A second illumination also followed from this new perspective: If one considers all legalized acts to be part of the process of “living together,” then no legalized act will long be seen as profoundly despicable. That, I began to see, was the reason that classical liberals had proved unable to hold onto their own core distinction between the legal and the moral. They insisted: We must distinguish the two realms. They said: You can hate a practice and yet believe that people should be free to perform it. They maintained: It is not the function of law to express a culture’s outrage, even when that outrage is justified. And yet, over the decades of my experience, I had found, again and again, that libertarians who argued vociferously for the legalization of some permissible-but-despicable practice came gradually to describe the practice as less and less despicable.
Recreational drugs are perhaps the best-known example of this process, but a more recent instance has been prostitution. When I was a youthful libertarian, some forty years ago, it was taken a matter of course that prostitution was both an utterly degraded act and one that should be legally permitted. And to me it is still unthinkable that any woman of self-esteem would willingly be a prostitute. Yet, in the aftermath of the Eliot Spitzer scandal, Reason senior editor Kerry Howley wrote: “Sex work is work, and it strikes me as no more inherently degrading than many other kinds of physical labor.” If the desire to legalize an act is, at some level, the desire to make it part of our “living together,” then it will not long be looked upon as utterly despicable—which of course is quite contrary to the libertarian view that the realms of morality and legality are distinct.

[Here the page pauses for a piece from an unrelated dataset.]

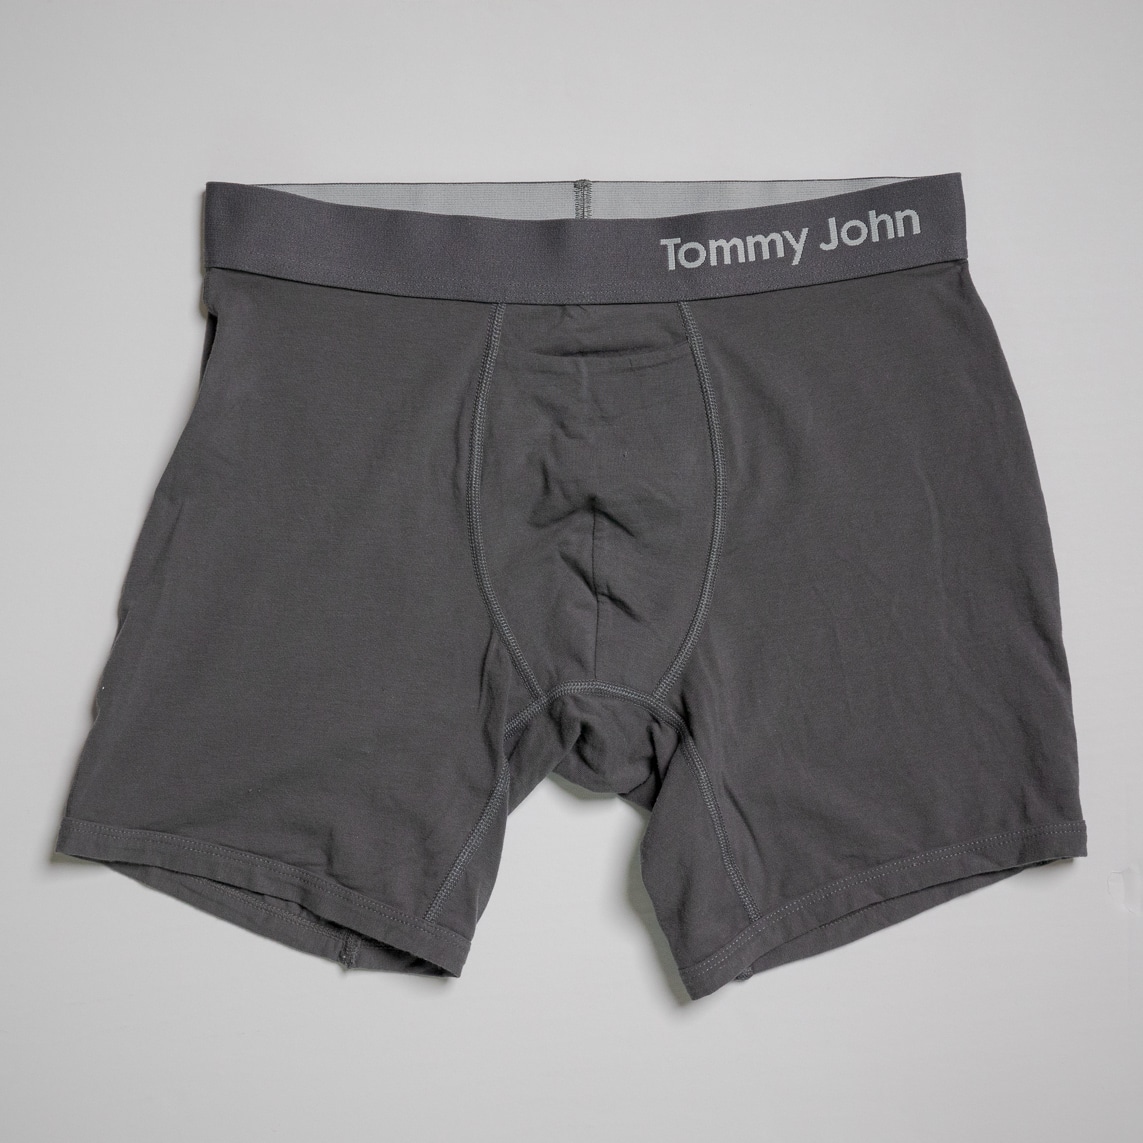 Tommy John - Underwear. Under where? #OvercomeTheUncomfortable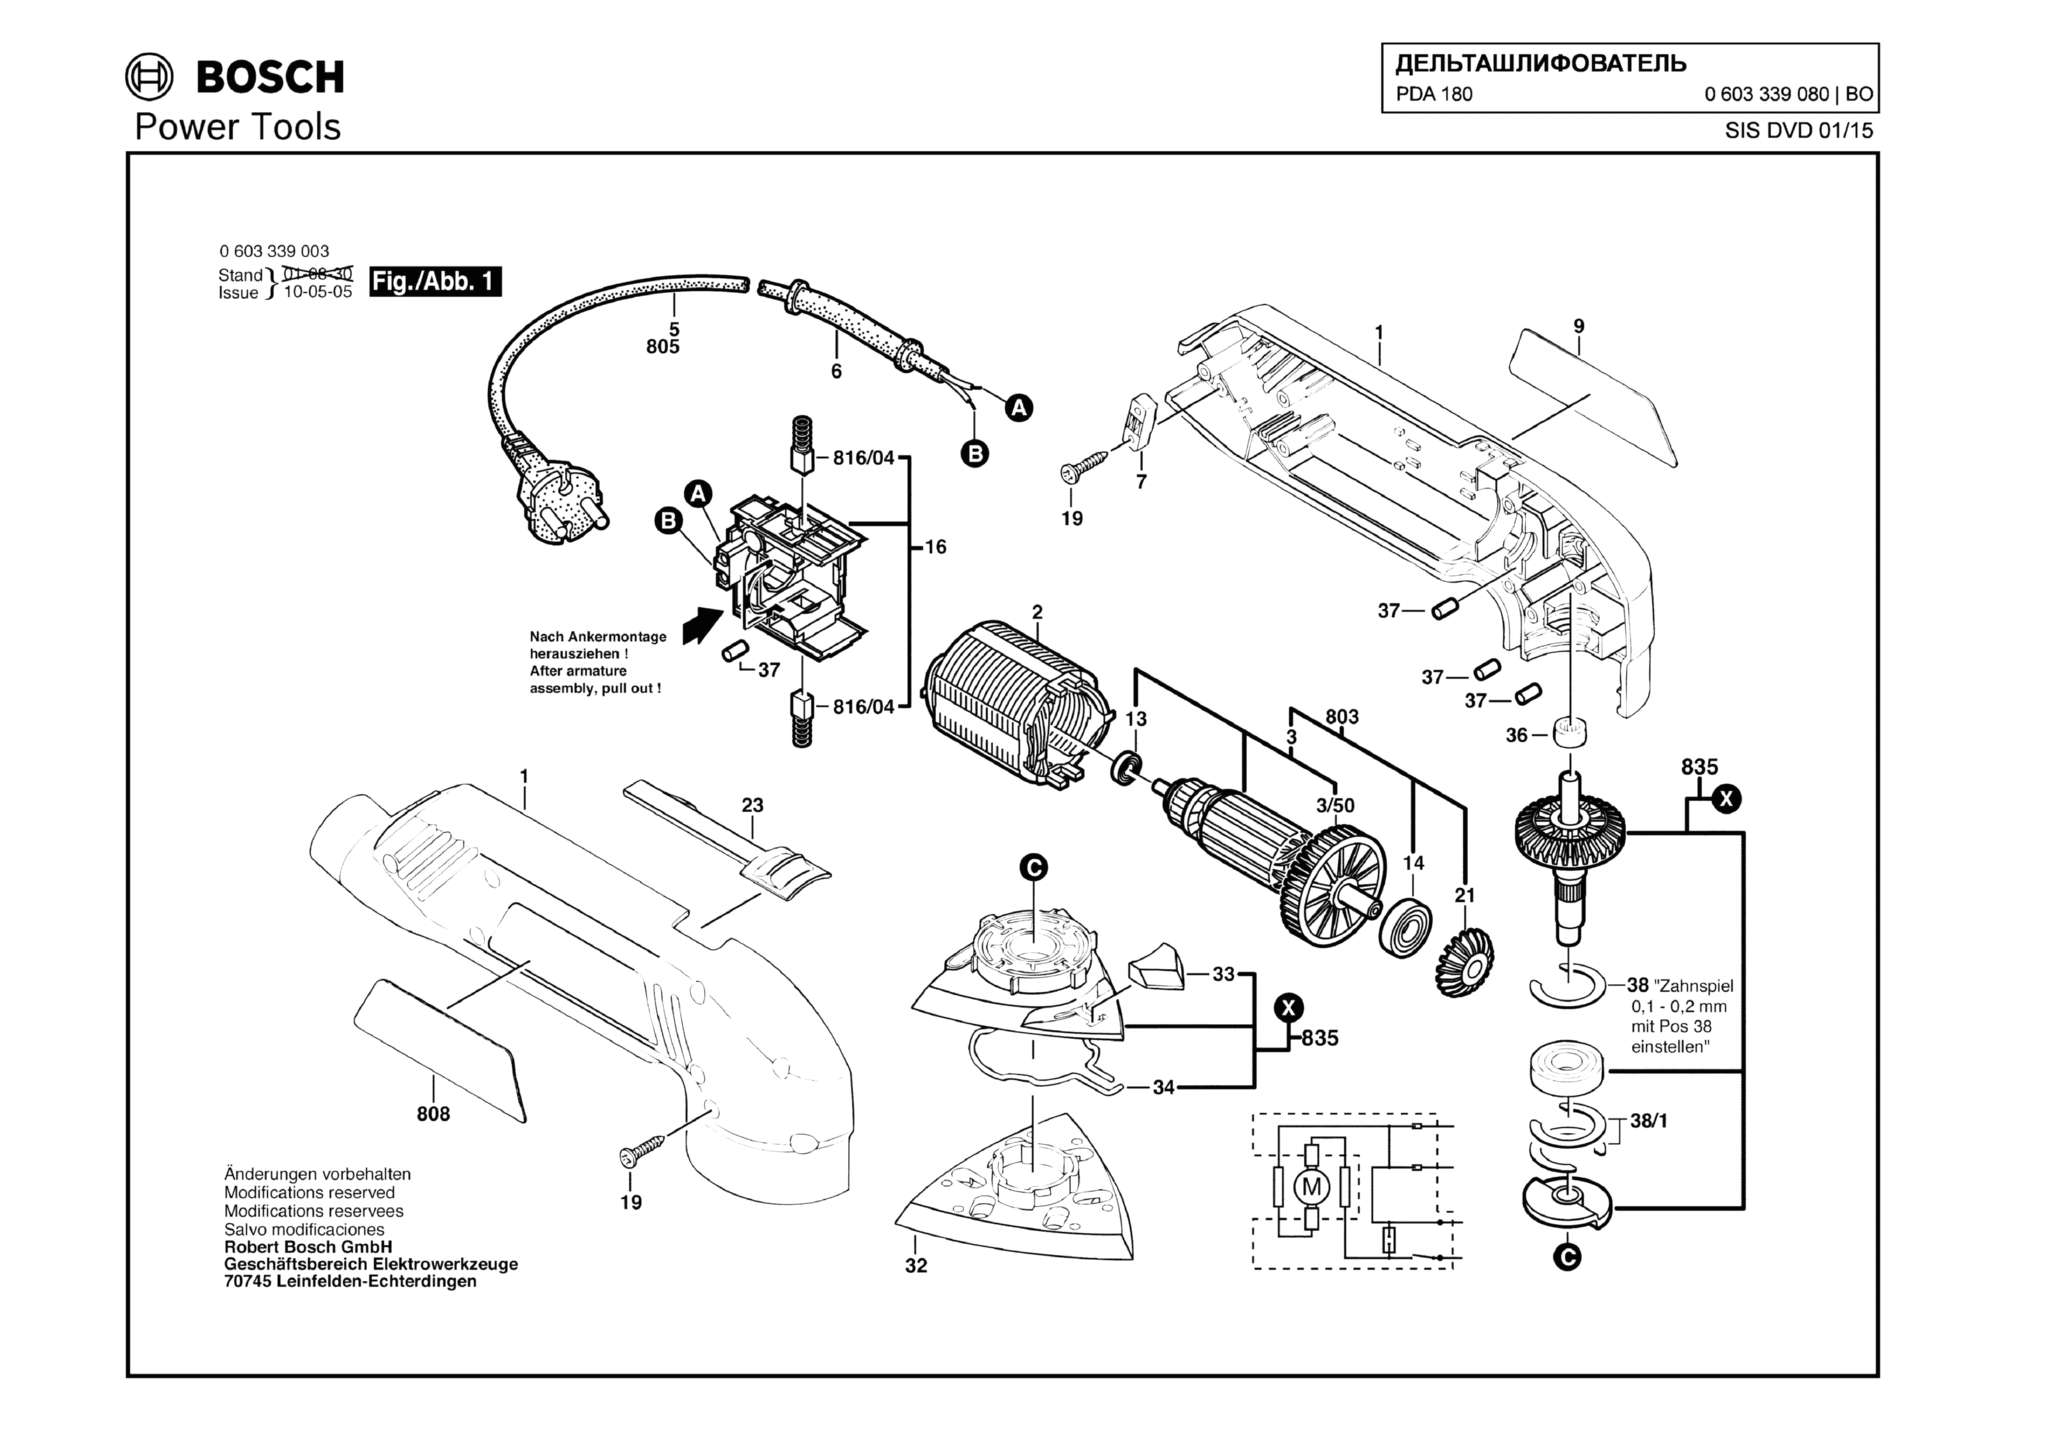 Запчасти, схема и деталировка Bosch PDA 180 (ТИП 0603339080)

“Plans Must Be Made for Men”
The personal reconsideration of political philosophy which I have here described would not be complete without a tribute to the wisdom of a man I have long slighted and who might have saved me years of muddled thinking: Edmund Burke. In 1791, he wrote a lengthy letter to François-Louis-Thibaut de Menonville, a member of France’s National Assembly and the French translator of Burke’s Thoughts on the Revolution in France. Menonville, who had written to Burke to point out some factual errors in the Thoughts that had led French critics to dismiss it, decided to ask Burke if he would go beyond his previous reflections and supplement his critique of France’s condition with some suggestions for a “remedy.” In declining to offer any such proposal for French political arrangements, Burke said:
I must see with my own eyes, I must, in a manner, touch with my own hands, not only the fixed, but the momentary circumstances, before I could venture to suggest any political project whatsoever. I must know the power and disposition to accept, to execute, to persevere. I must see all the aids, and all the obstacles. I must see the means of correcting the plan, where correctives would be wanted. I must see the things. I must see the men. Without a concurrence and adaptation of these to the design, the very best speculative projects might become not only useless, but mischievous. Plans must be made for men.
Just so. Plans—even plans for liberty—must be made for men, for specific living men, embedded in highly specific nations, societies, and cultures. It is not a job for armchair philosopher-kings.